刺繍する女

2004年/88分/カラー
監督:エレオノール・フォーシェ
脚本:エレオノール・フォーシェ、ガエル・マーセ
出演:ローラ・エマルク、アリアンヌ・アスカリッド、マリー・フェリックス

まだ17歳の若さで子どもを宿していることを知ったクレアは、生みの親が子どもの出生を届け出ず親権を放棄する「匿名出産」で子どもを産むことにした。周囲の人間から妊娠を隠すためにクレアが身を寄せたのはオートクチュールの刺繍職人メリキアン夫人の家だった。

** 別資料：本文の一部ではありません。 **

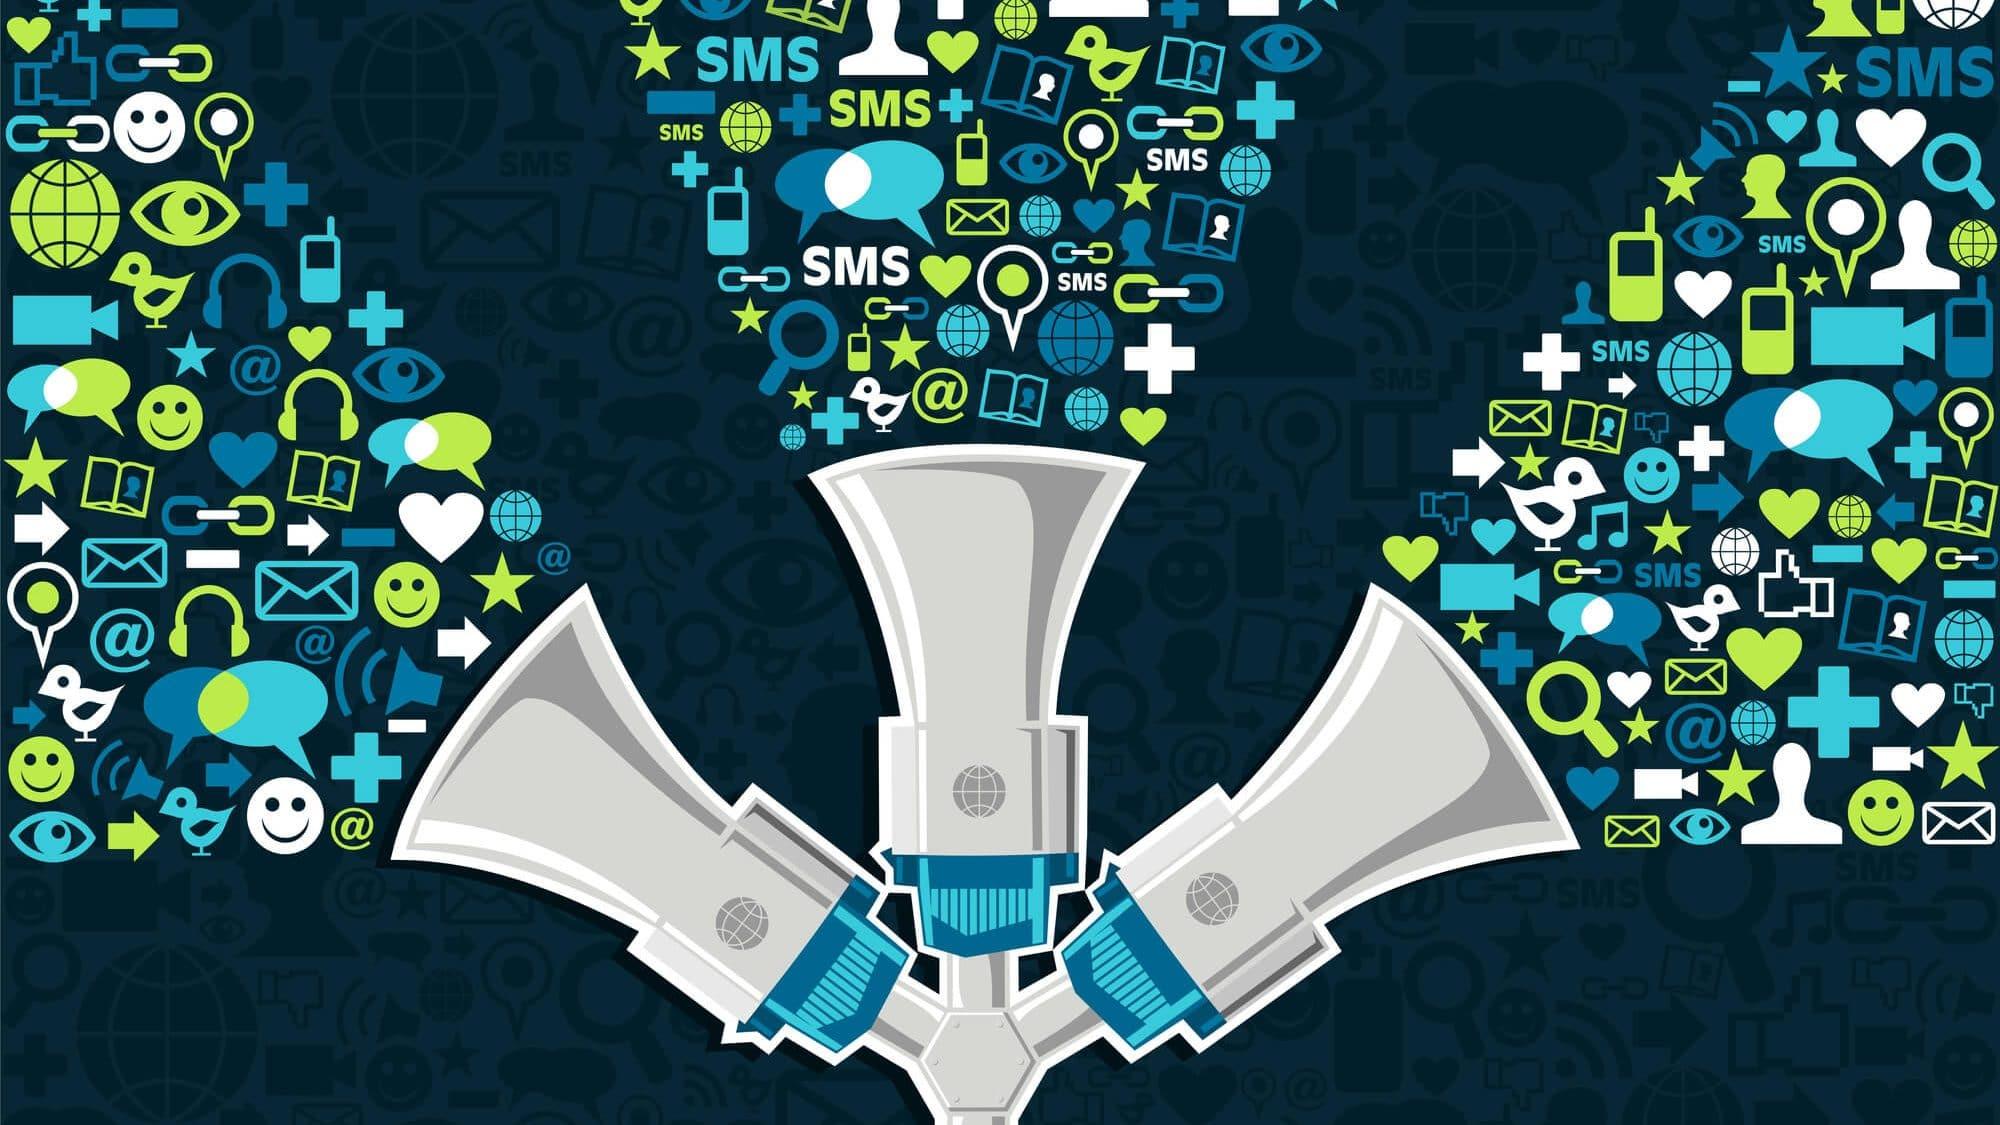 white label social media marketing services - Big Easy SEO

日を追うごと、刺繍の一針ごとに、クレアのお腹が大きくなるにつれ、2人の間が変わっていく。メリキアン夫人から、刺繍の技巧だけでなく、親・子・母・娘といった人間関係の愛情というものが伝授されていく…。

子どもを授かるが育てない決断をしたクレアと、事故で息子を亡くしたメリキアン夫人。二人がやり取りをする様は、刺繍を一針一針、ゆっくり細やかに進めていくかのように、静かで美しい。窓から射す柔らかな光、刺繍の美しさ、少女の白い肌と赤い髪、など映像の美しさは、まるでフェルメールの絵画のよう。台詞も少なく、淡々とした印象だが、それが逆に高尚な雰囲気となり、まるで上質な文学作品を眺めているようだった。

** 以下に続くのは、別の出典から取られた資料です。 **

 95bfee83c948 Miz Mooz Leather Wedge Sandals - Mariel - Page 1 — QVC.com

倒れたメリキアン夫人をクレアが毎日見舞いにいき、お腹が大きいクレアをメリキアン夫人が気遣うさまは、確かな愛情が流れていて本物の家族よりも、家族らしかった。「匿名出産」という制度も日本では存在しないため、フランス独自のテーマとなっている。妊娠して子どもが生まれた後の選択の多さ、擬似家族のような関係など、多様な家族のあり方を容認するフランス文化がふんだんに現れた作品である。